На всякий случай комвзвода Перетрухин приказал взять на задание тачанку, запряжённую конной парой. Пустыми подводами для вывоза имущества обеспечивал местный Комитет бедноты. Вышли с обозом задолго до полудня. Утренний свежий ветерок ласково ерошил волосы и забирался за шиворот, холодя шею. Солнце пока не вошло в силу, поэтому по просёлку шагалось широко и упруго. Лес по сторонам дороги был по большей части густой, хвойный, с разлапистыми елями, что кололи своими иголками прозрачный воздух. Кое-где по низинам ещё остались бело-синие брызги подснежников, но в канавах уже набирали силу ярко-жёлтые бубенцы купальниц, и совсем скоро по всему лесу вспыхнет и заиграет праздничное летнее разнотравье, от которого захочется петь и любить.

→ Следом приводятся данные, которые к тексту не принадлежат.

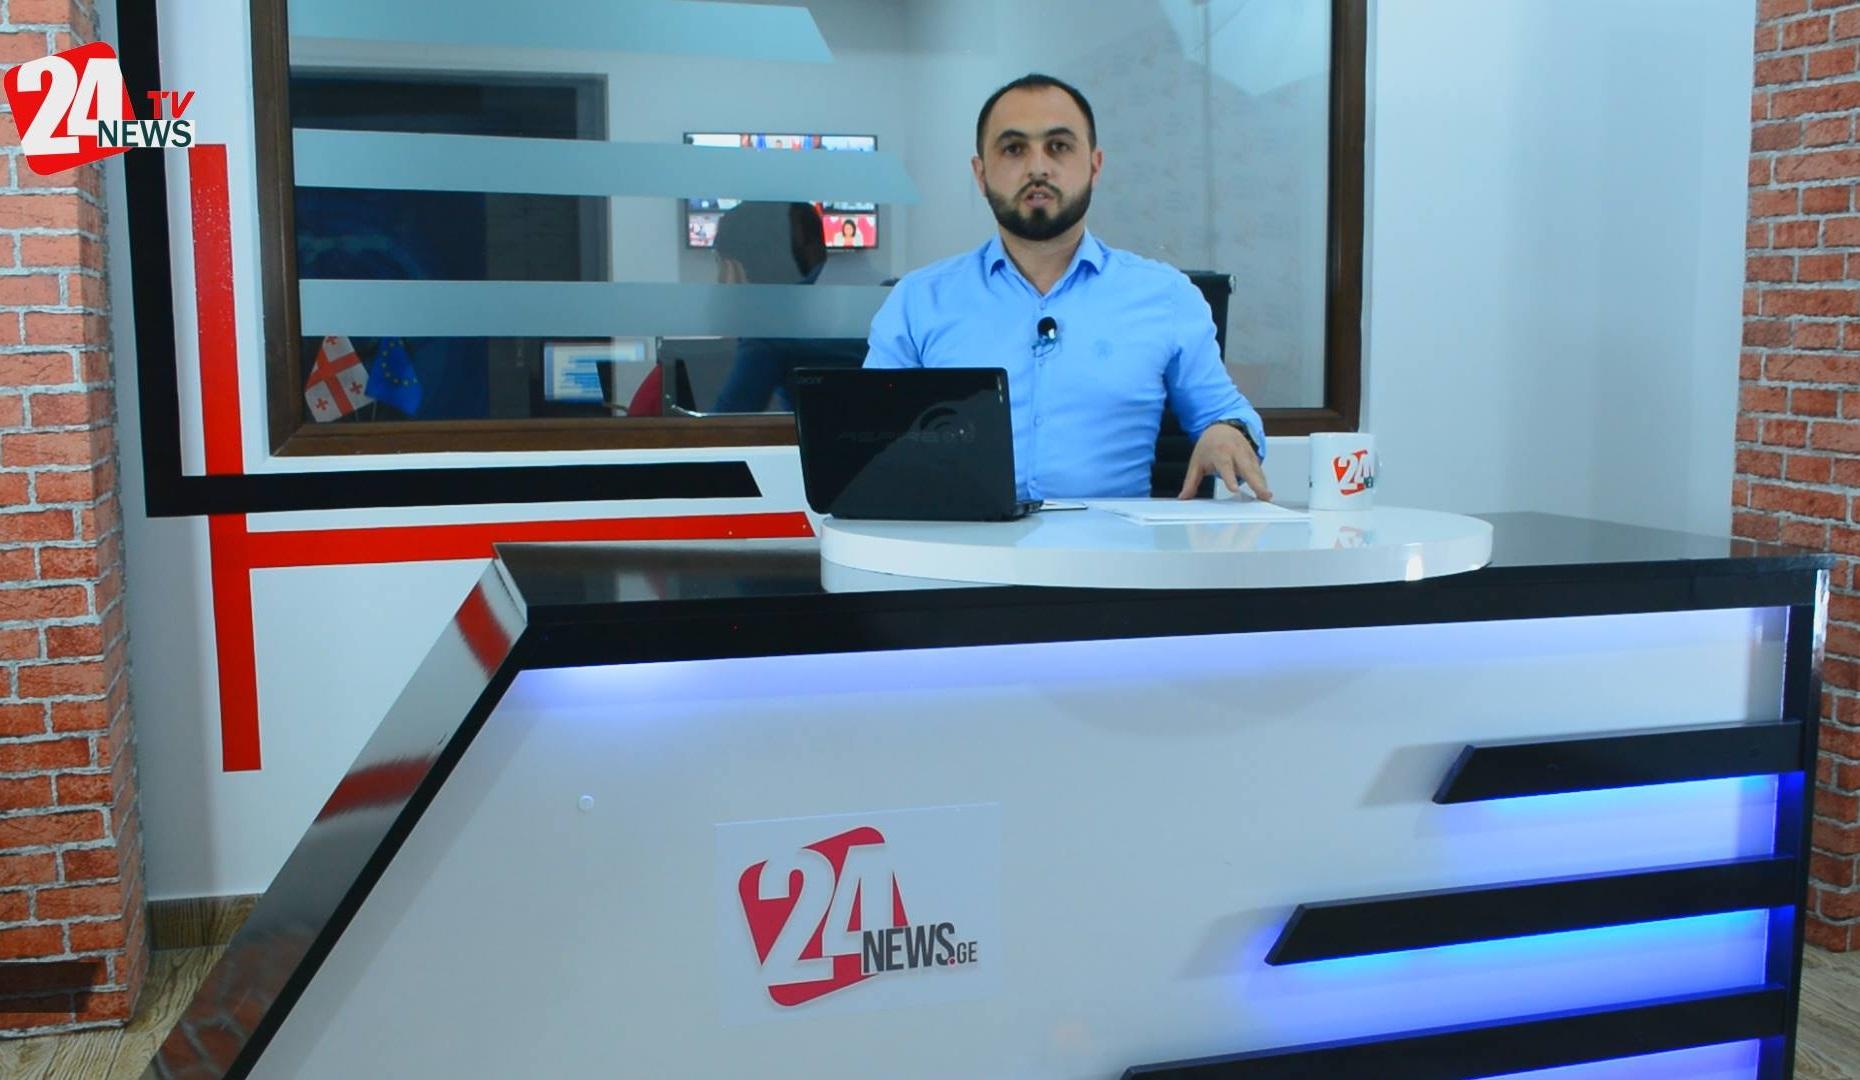 24News Tv-də Xəbər Vaxtı (22.07.2021) - (VİDEO)

— Хутор дюже богатый, — сыпал словами местный активист Митька Гвоздь, — ихний хозяин был управляющим у барина, да ещё пенькой приторговывал и сало топил. Говорят, погреба у них по сию пору бочками с салом заставлены. И картоха у них лучше всех в округе родилась.

Это я доподлинно знаю, потому что маманя моя завсегда к ним по осени нанималась на подмогу.

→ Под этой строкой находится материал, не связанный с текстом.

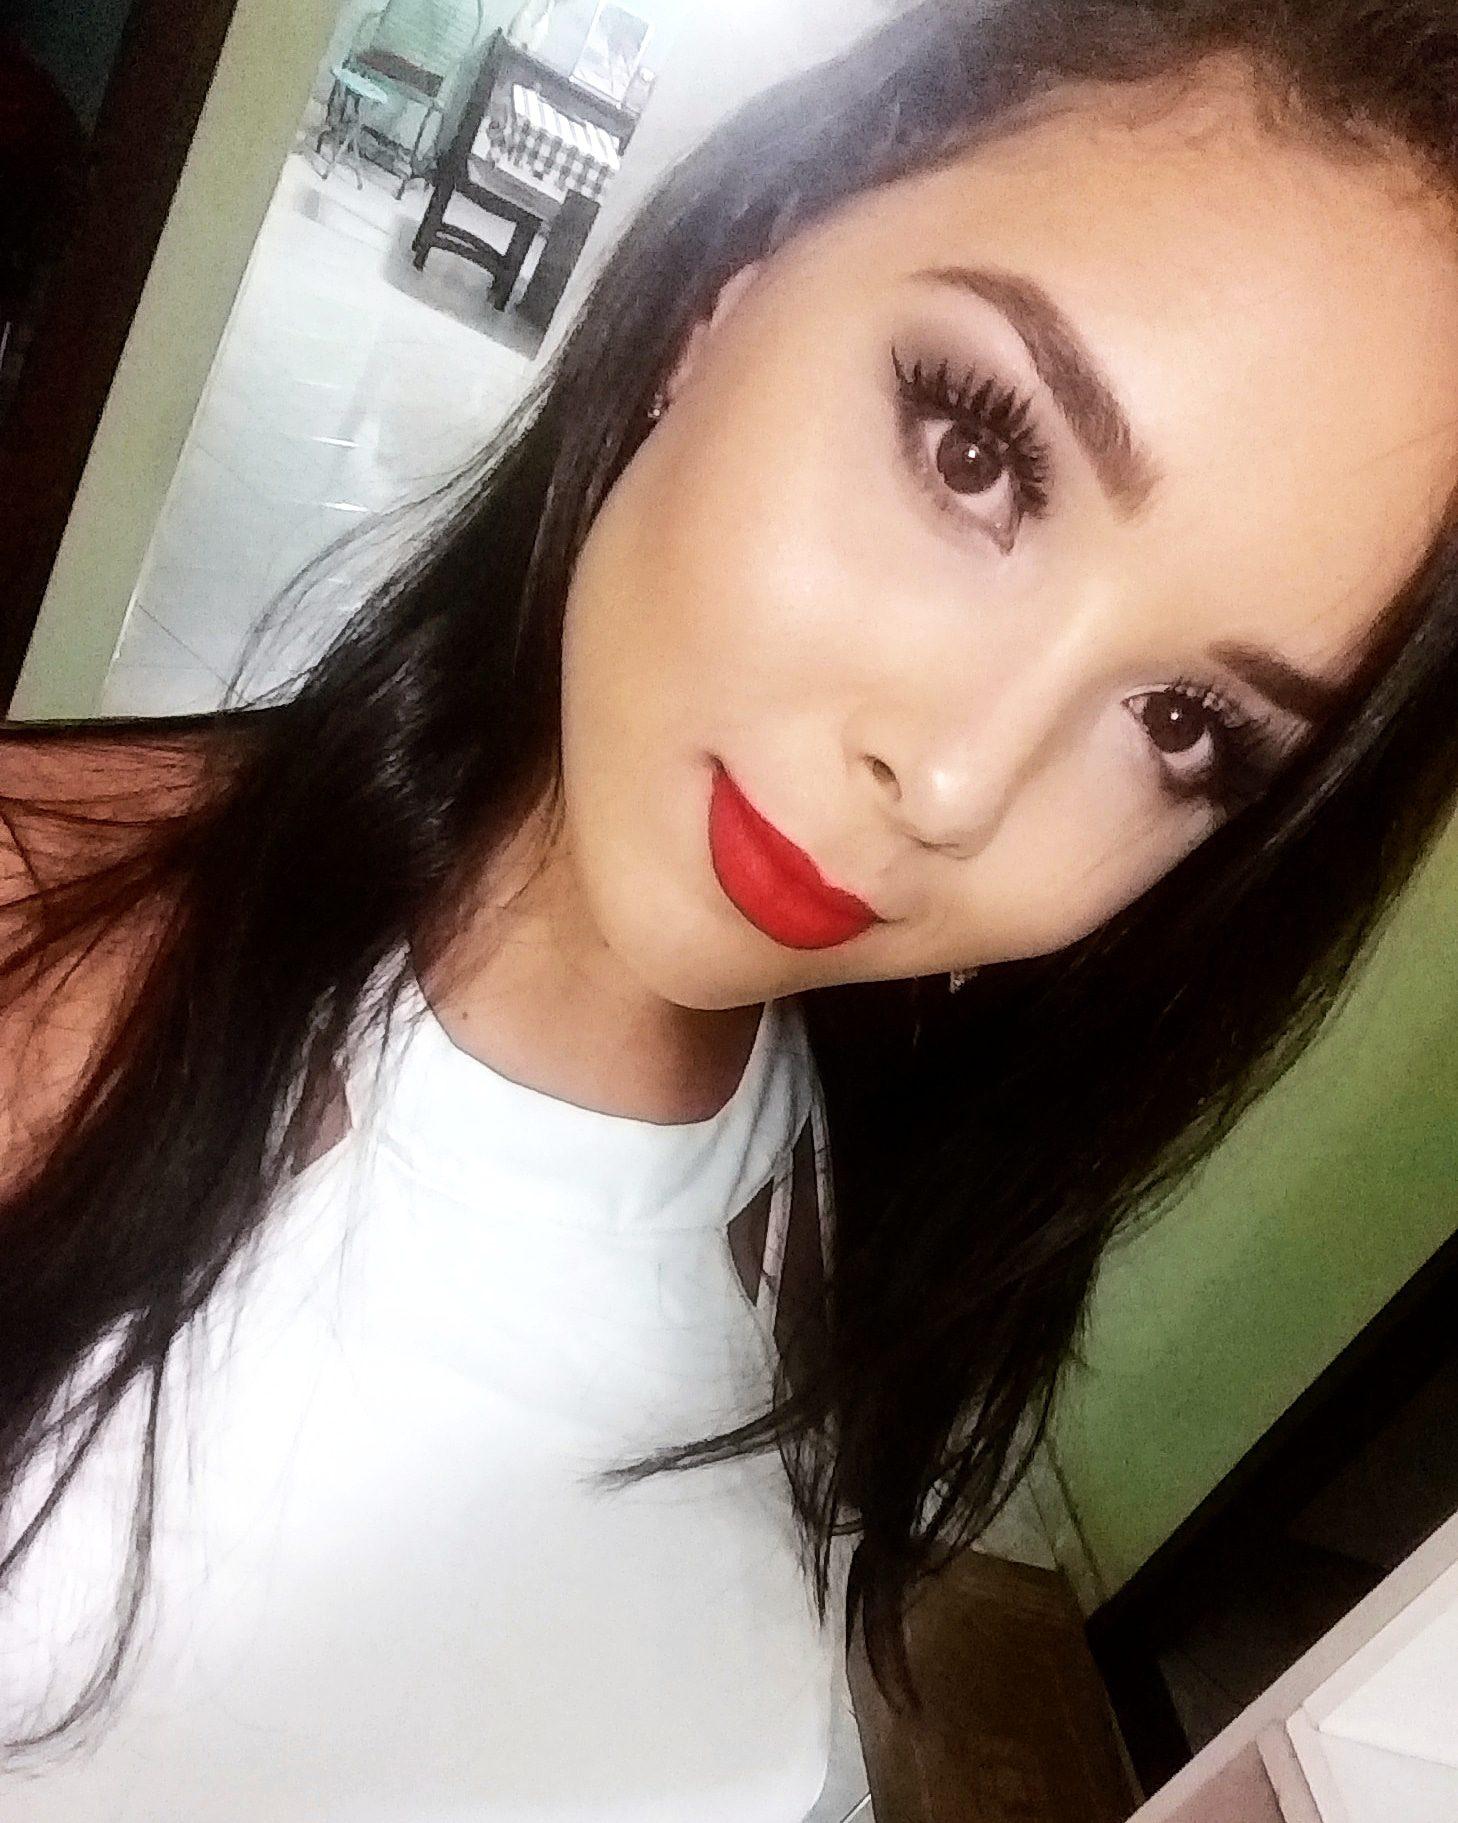 Estudando 4 horas por dia, Karolaine Freitas foi aprovada no Exame OAB

— Хорошо платили мамаше? — спросил Перетрухин.

— Не обижалась, — откликнулся Гвоздь и потешно собрал губы в трубочку, — но всё равно кулаки— мироеды и эксплуататоры, потому как нет в них революционной сознательности. У нас, бедноты, ведь как? Мы горой за счастье народное, а они только о своей шкуре заботятся, любое зёрнышко в свою нору тащат. Ведь несправедливо это, когда у одних три лошади в конюшне стоят, а другие на козе пашут! — Он взмахнул сжатым кулаком. — Как есть эти Орликовы — мироеды!

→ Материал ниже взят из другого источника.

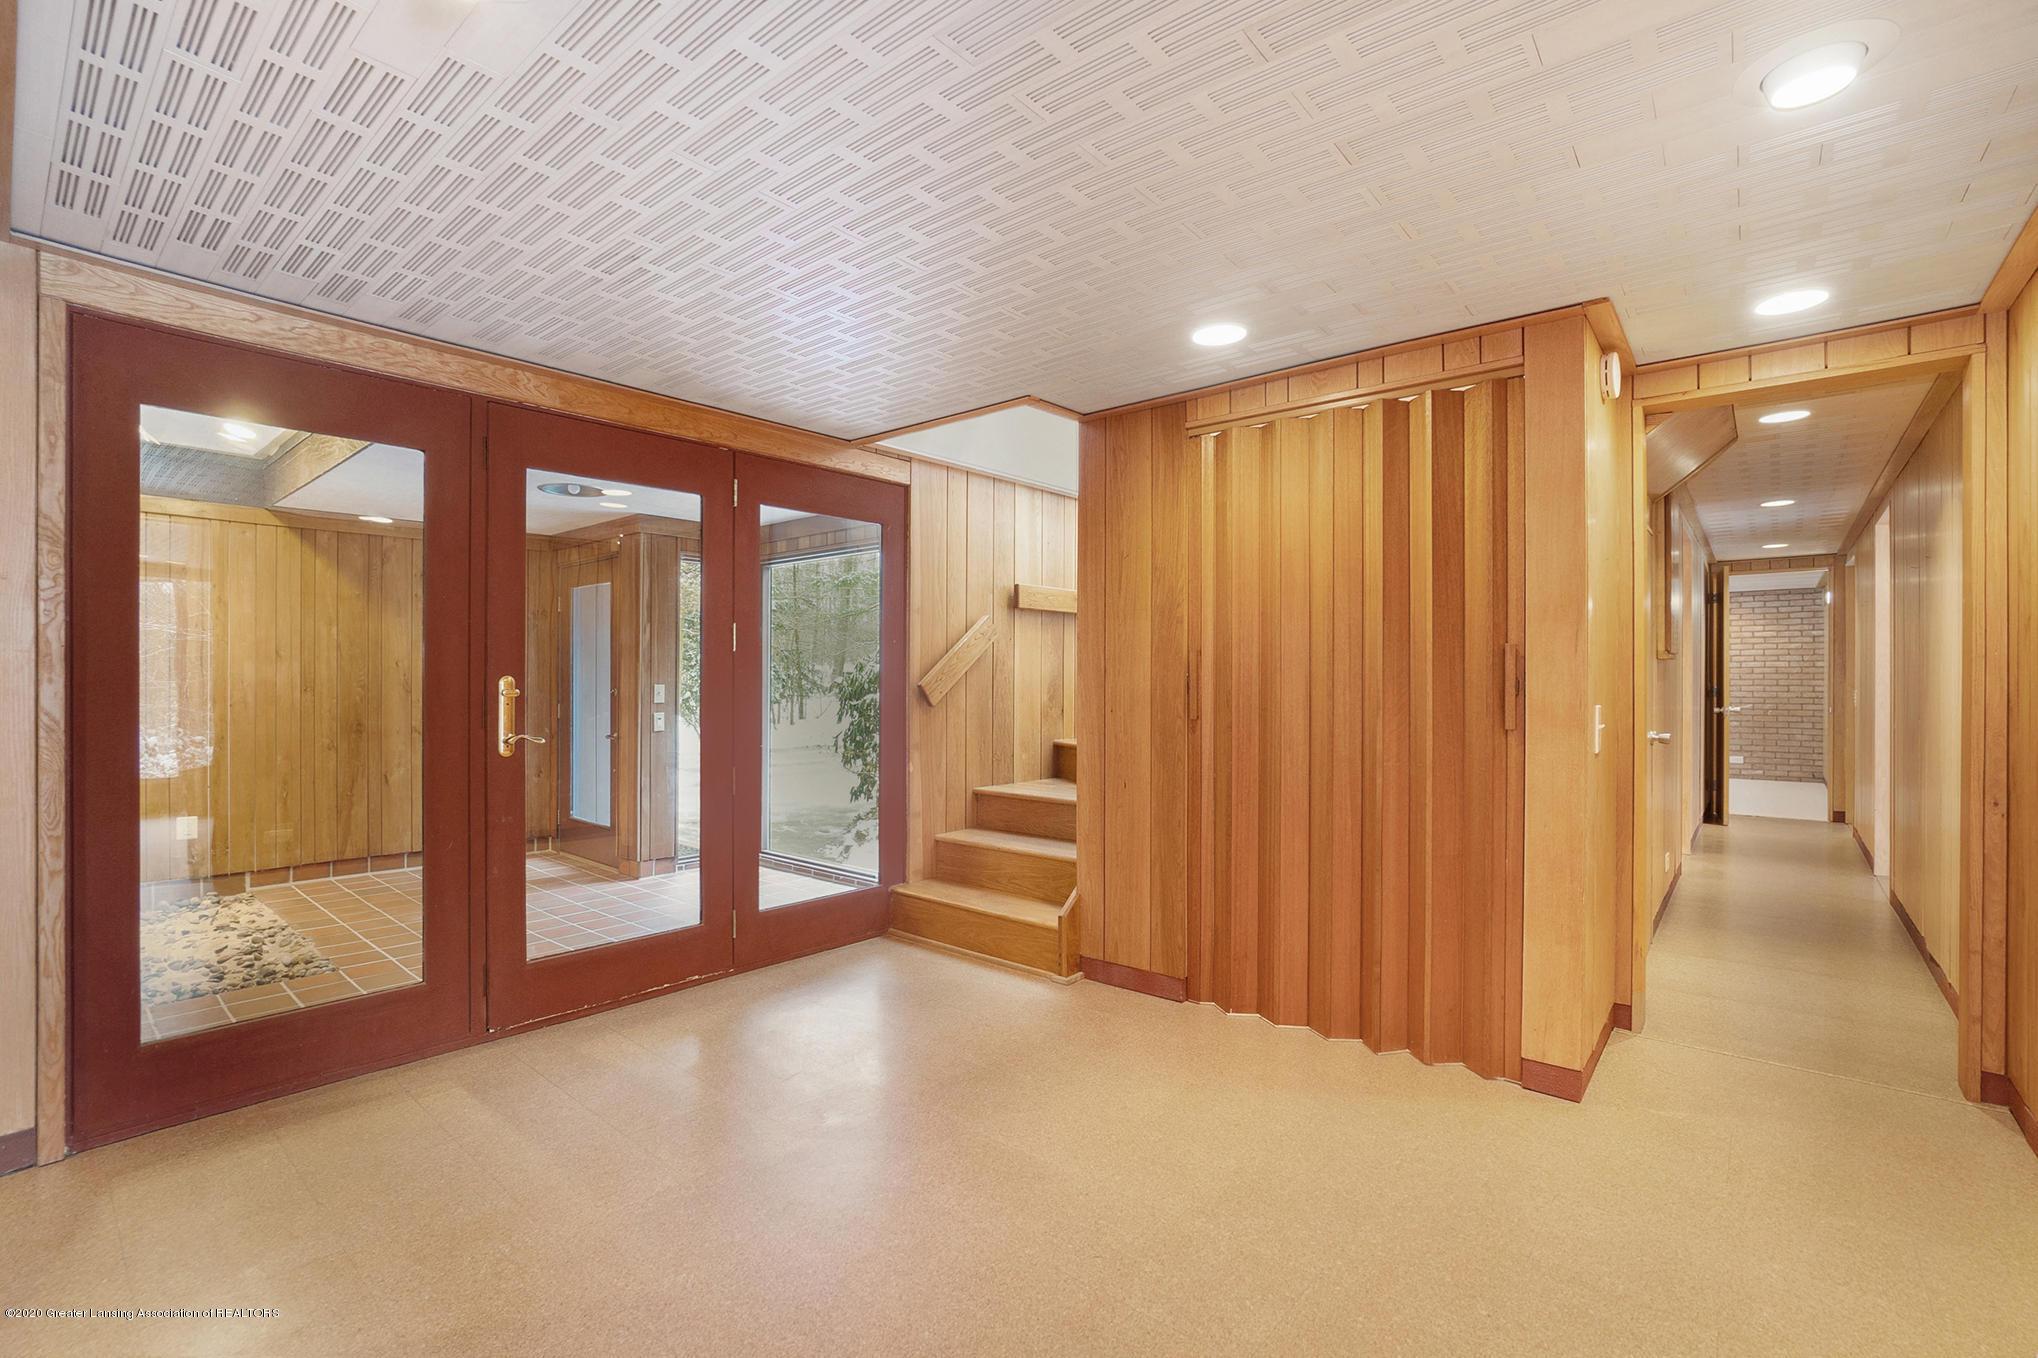 4045 Van Atta Rd - Floor Plan - 26

Тетерину не нравился Митька Гвоздь с противной ухмылкой и бегающими глазами и не нравилось участвовать в раскулачивании. Одно дело — бой с вооружённым противником, и совершенно иное — слушать рёв детей и рыдания их мамок. В последний раз, когда раскулачивали хозяйство церковного старосты, в доме были две бабы — молодая и старая, парализованный дед и мальчонка лет семи-восьми. Дед на широкой деревянной кровати мычал, пытался встать и вращал глазами, явно не понимая происходящее. Молодая баба сидела посреди избы, опустив голову, и вскинулась только тогда, когда во дворе замычала корова.

— Корову берите, а козёнку оставьте. Дед окромя молока ничего в рот не берёт, — попросила старуха. Она была высокая, костистая, с яркими глазами и какой-то особенной, очень белой сединой, схожей с гусиным пухом.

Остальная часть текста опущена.